— Records for this exercise —
= Beginning of Section =

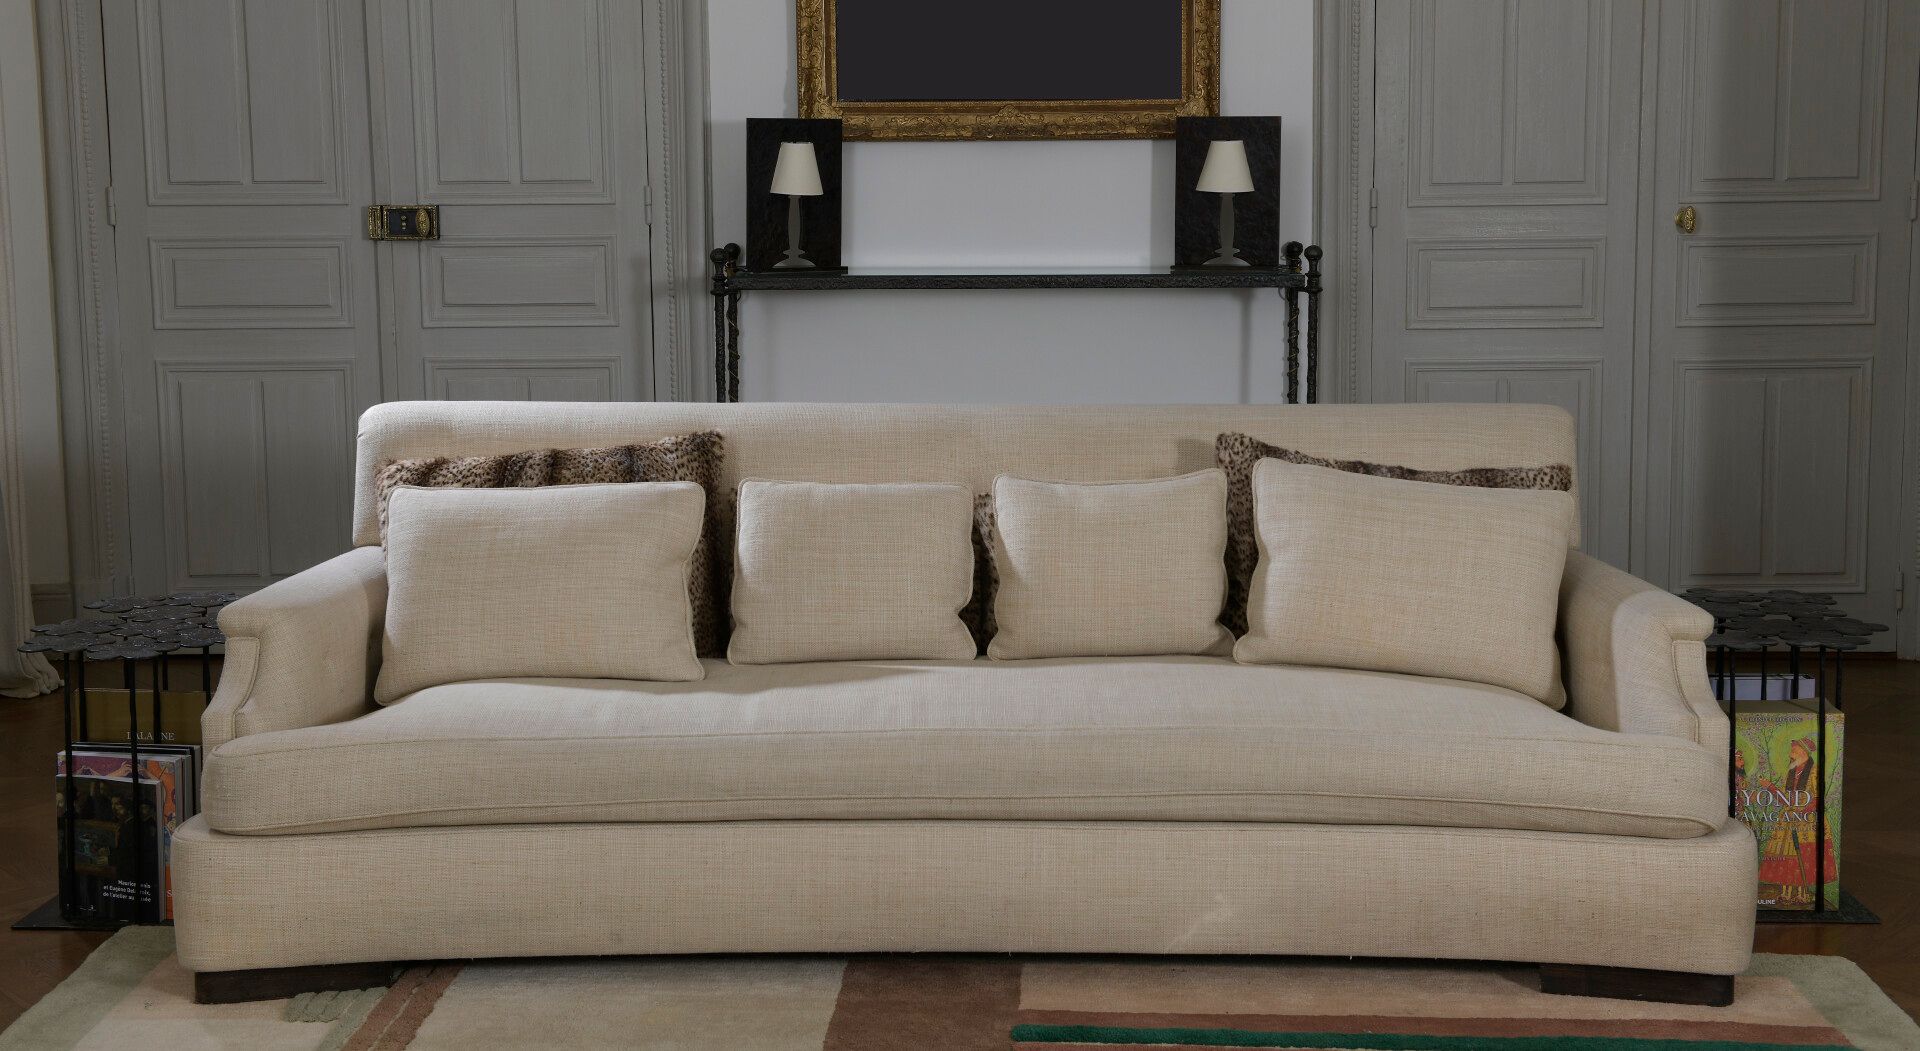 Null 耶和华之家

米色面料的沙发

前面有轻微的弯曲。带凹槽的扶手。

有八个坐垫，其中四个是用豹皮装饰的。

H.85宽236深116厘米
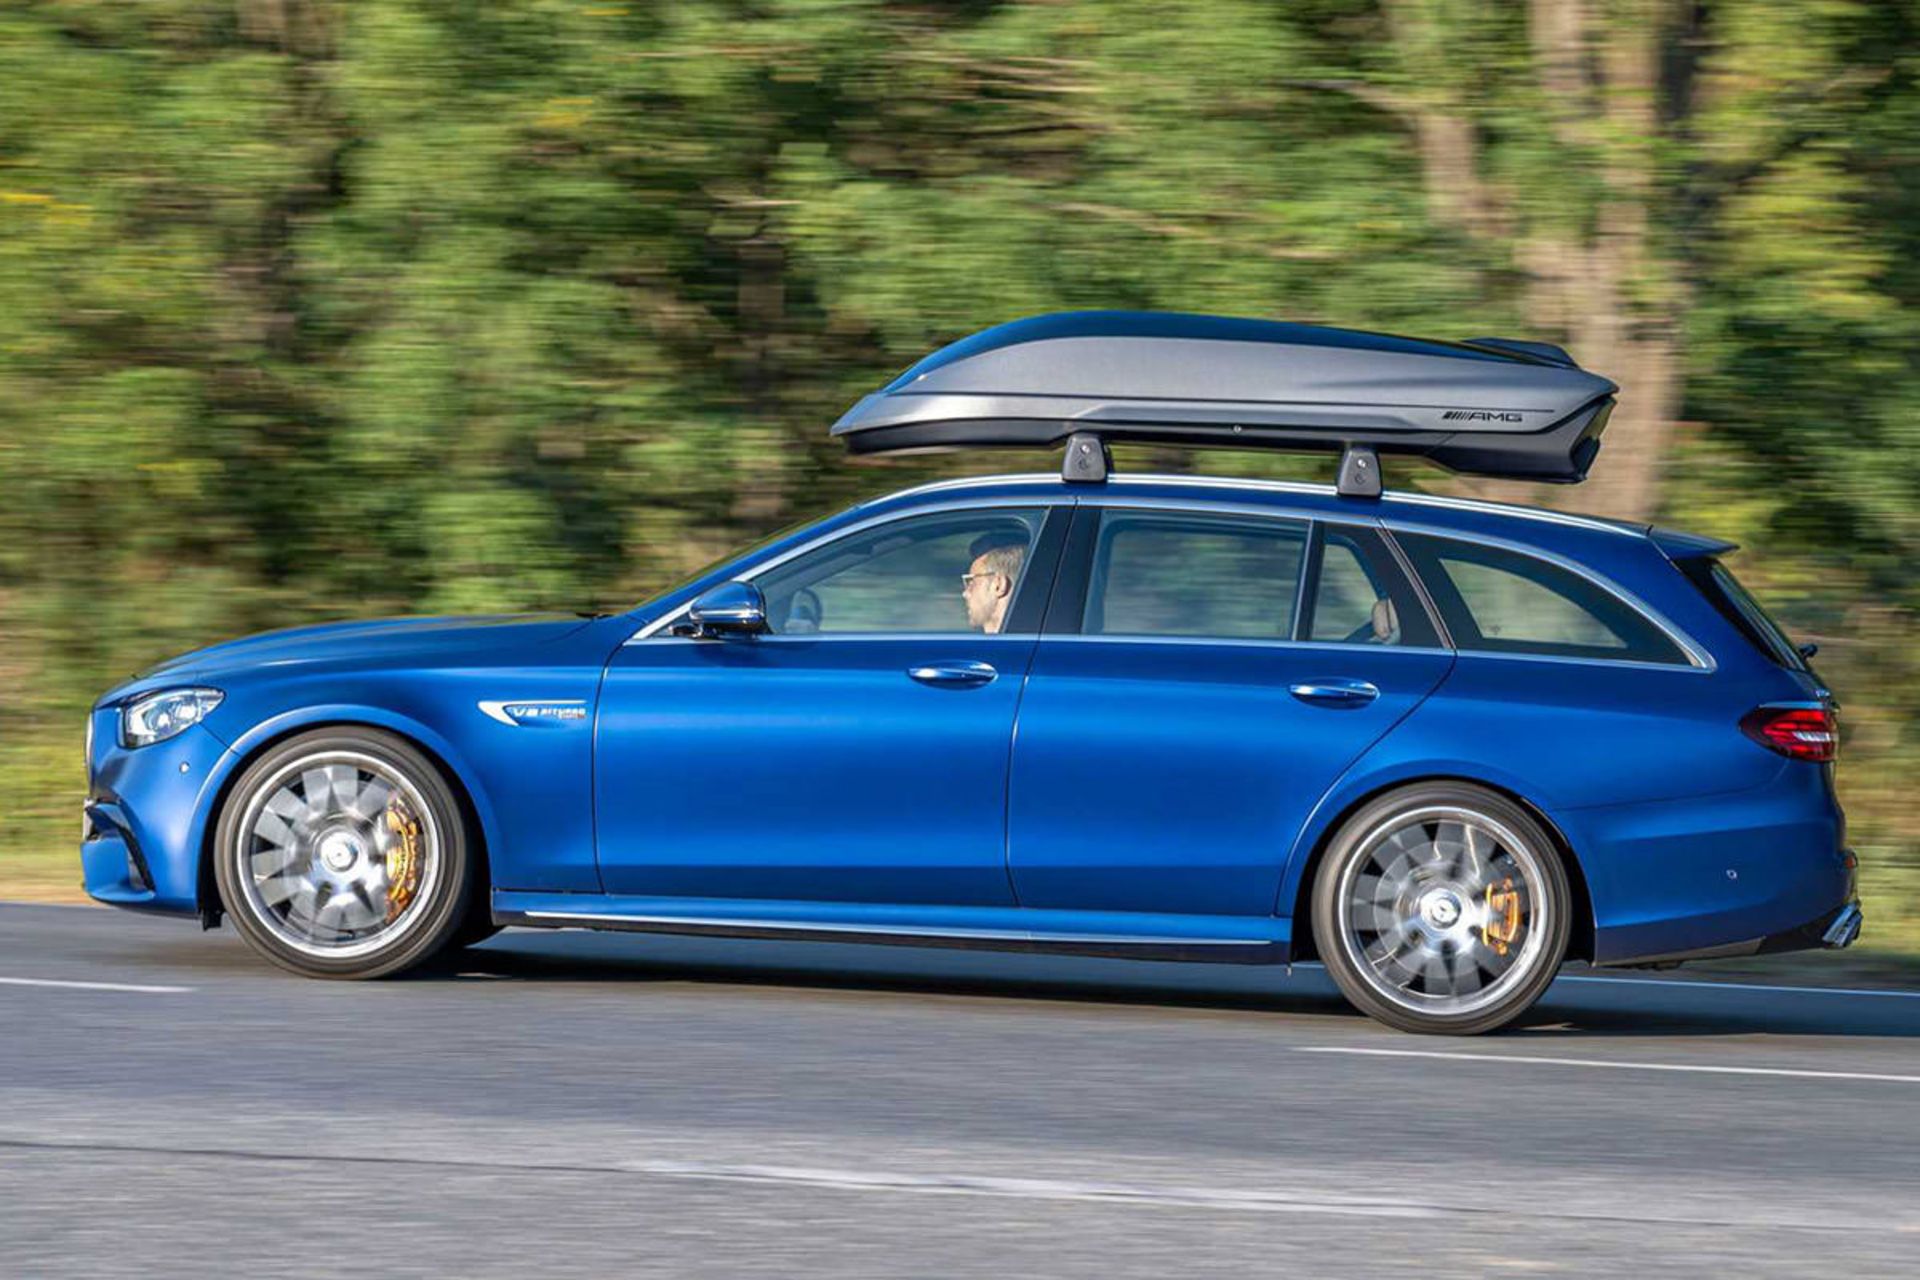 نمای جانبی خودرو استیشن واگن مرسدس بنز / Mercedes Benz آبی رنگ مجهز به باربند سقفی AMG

= End of Section =
= Beginning of Section =

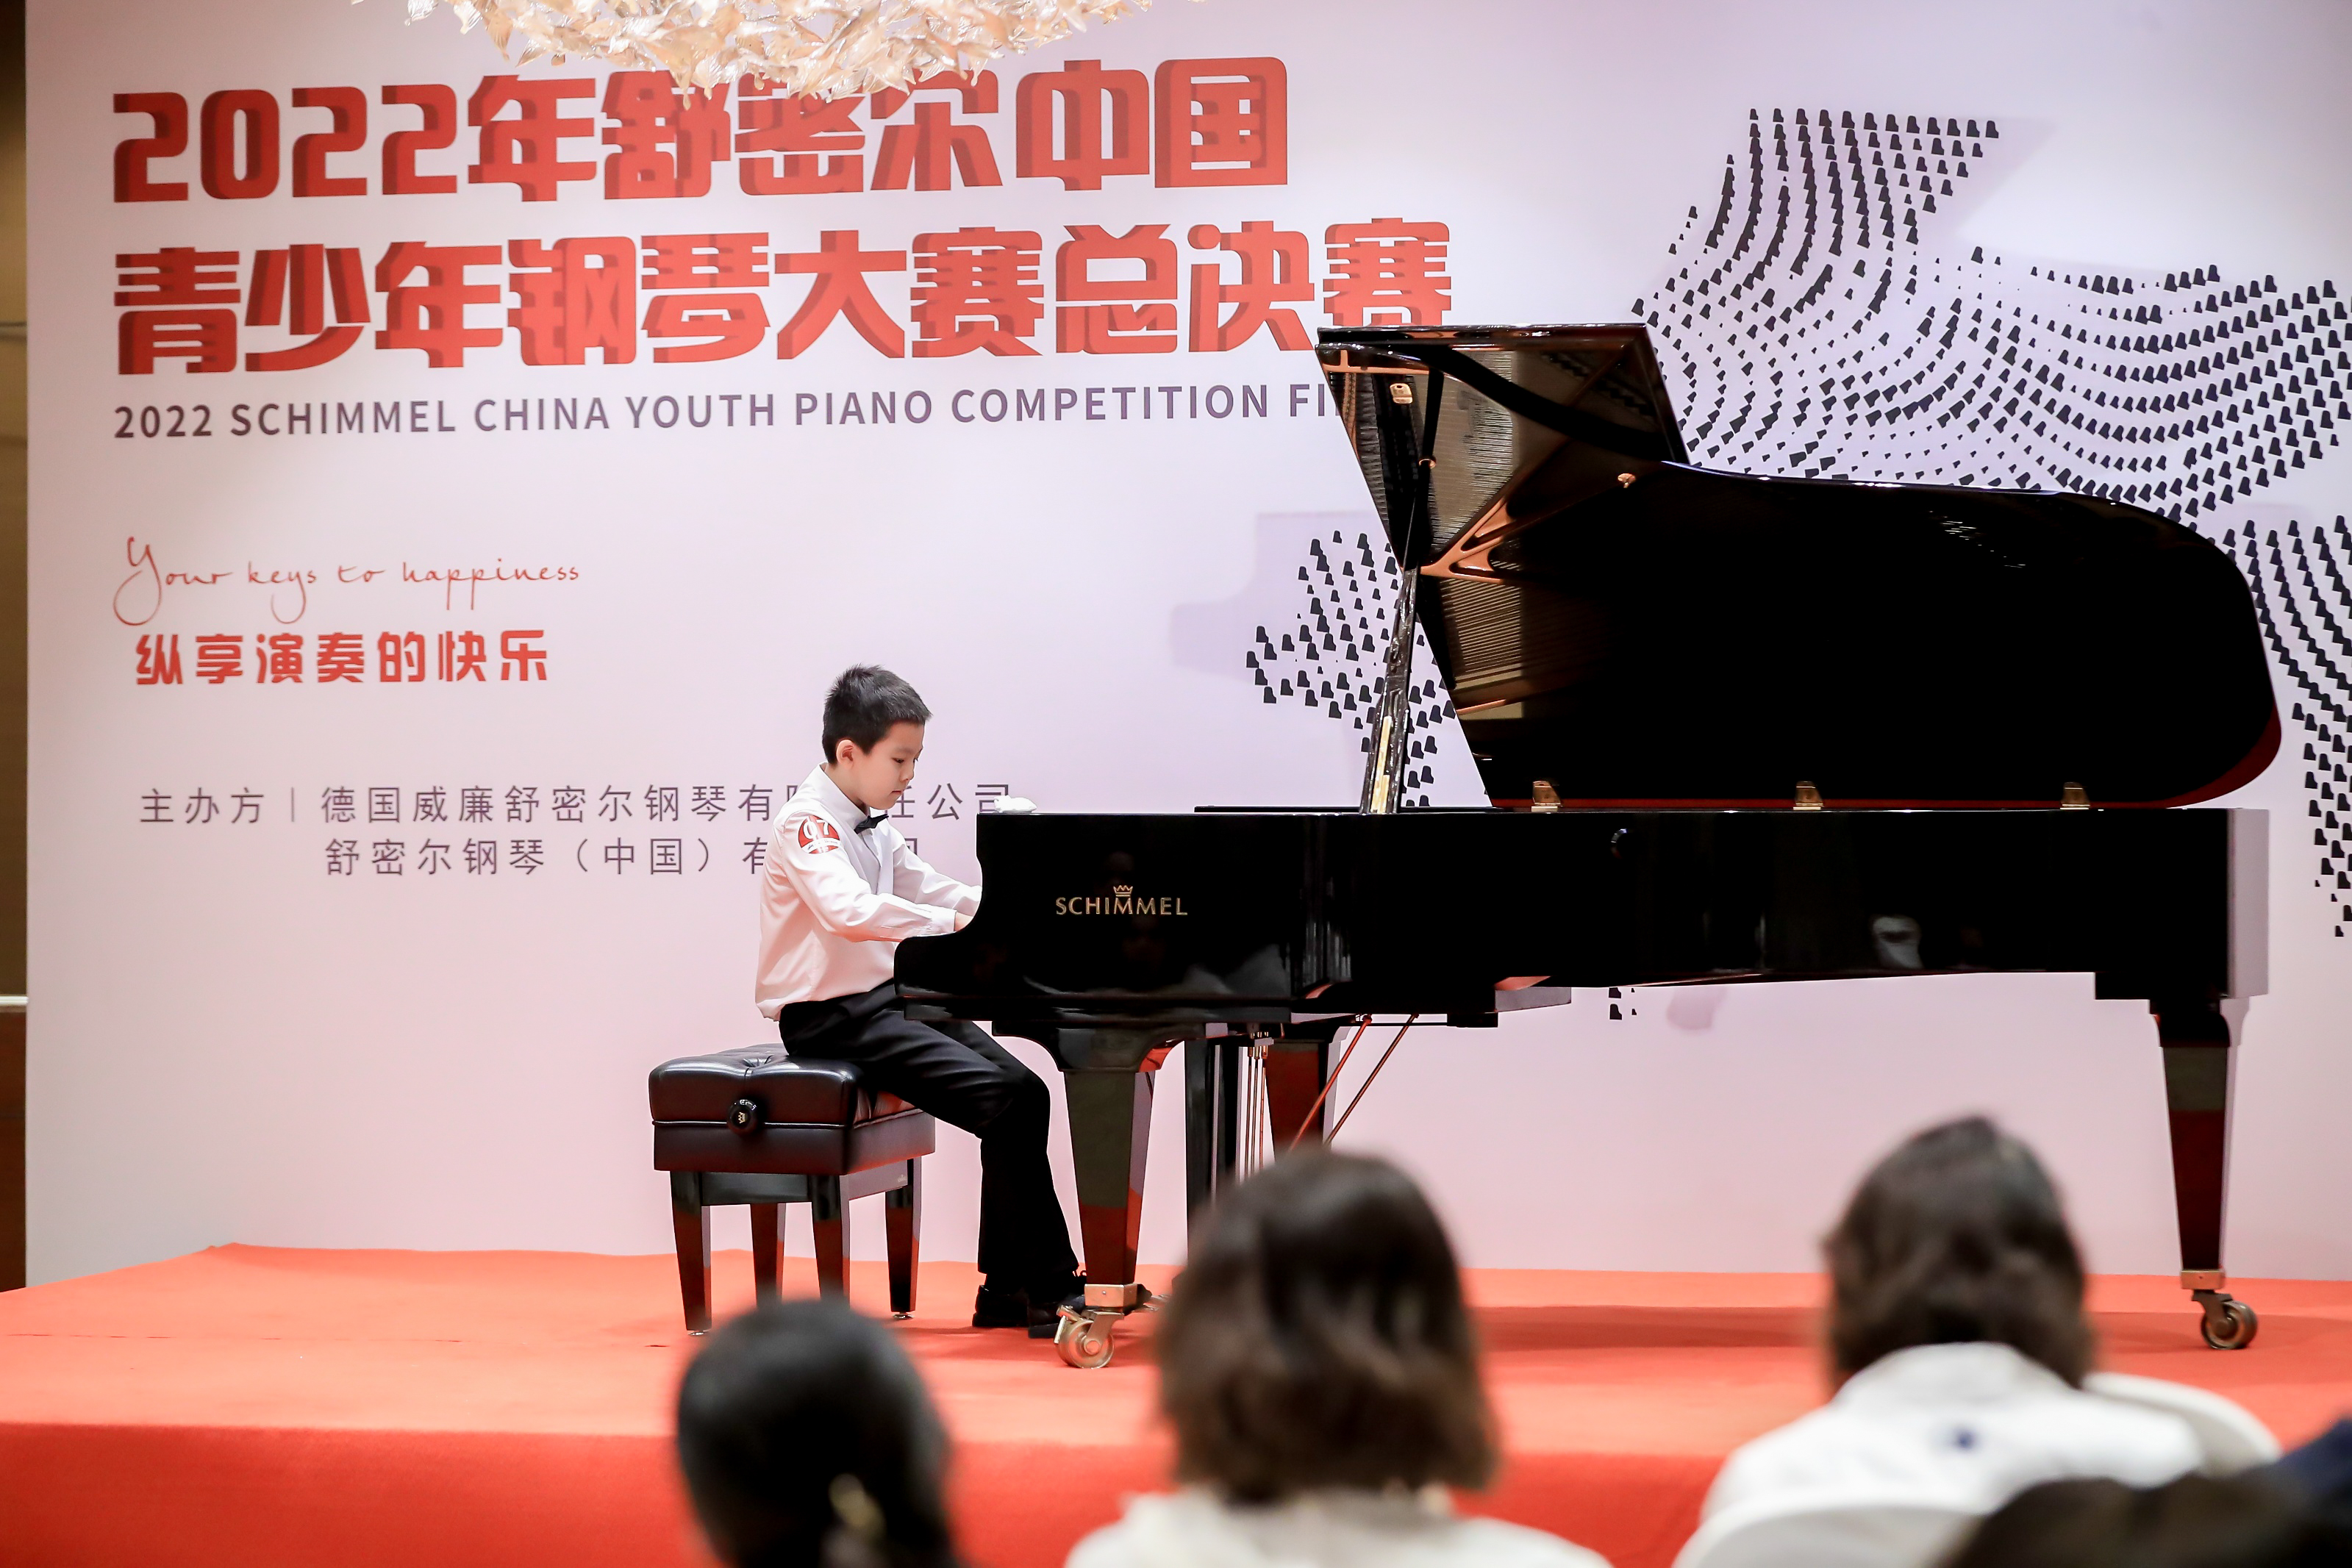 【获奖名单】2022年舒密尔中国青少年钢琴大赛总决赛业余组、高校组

= End of Section =

— What this task involves —
Nothing but the lines above, starting at the line that contains "前面有轻微的弯曲。带凹槽的扶手。" and ending at the line that contains "نمای جانبی خودرو", should be given again, exactly and without the pictures.

— Answer box —
前面有轻微的弯曲。带凹槽的扶手。

有八个坐垫，其中四个是用豹皮装饰的。

H.85宽236深116厘米
 نمای جانبی خودرو استیشن واگن مرسدس بنز / Mercedes Benz آبی رنگ مجهز به باربند سقفی AMG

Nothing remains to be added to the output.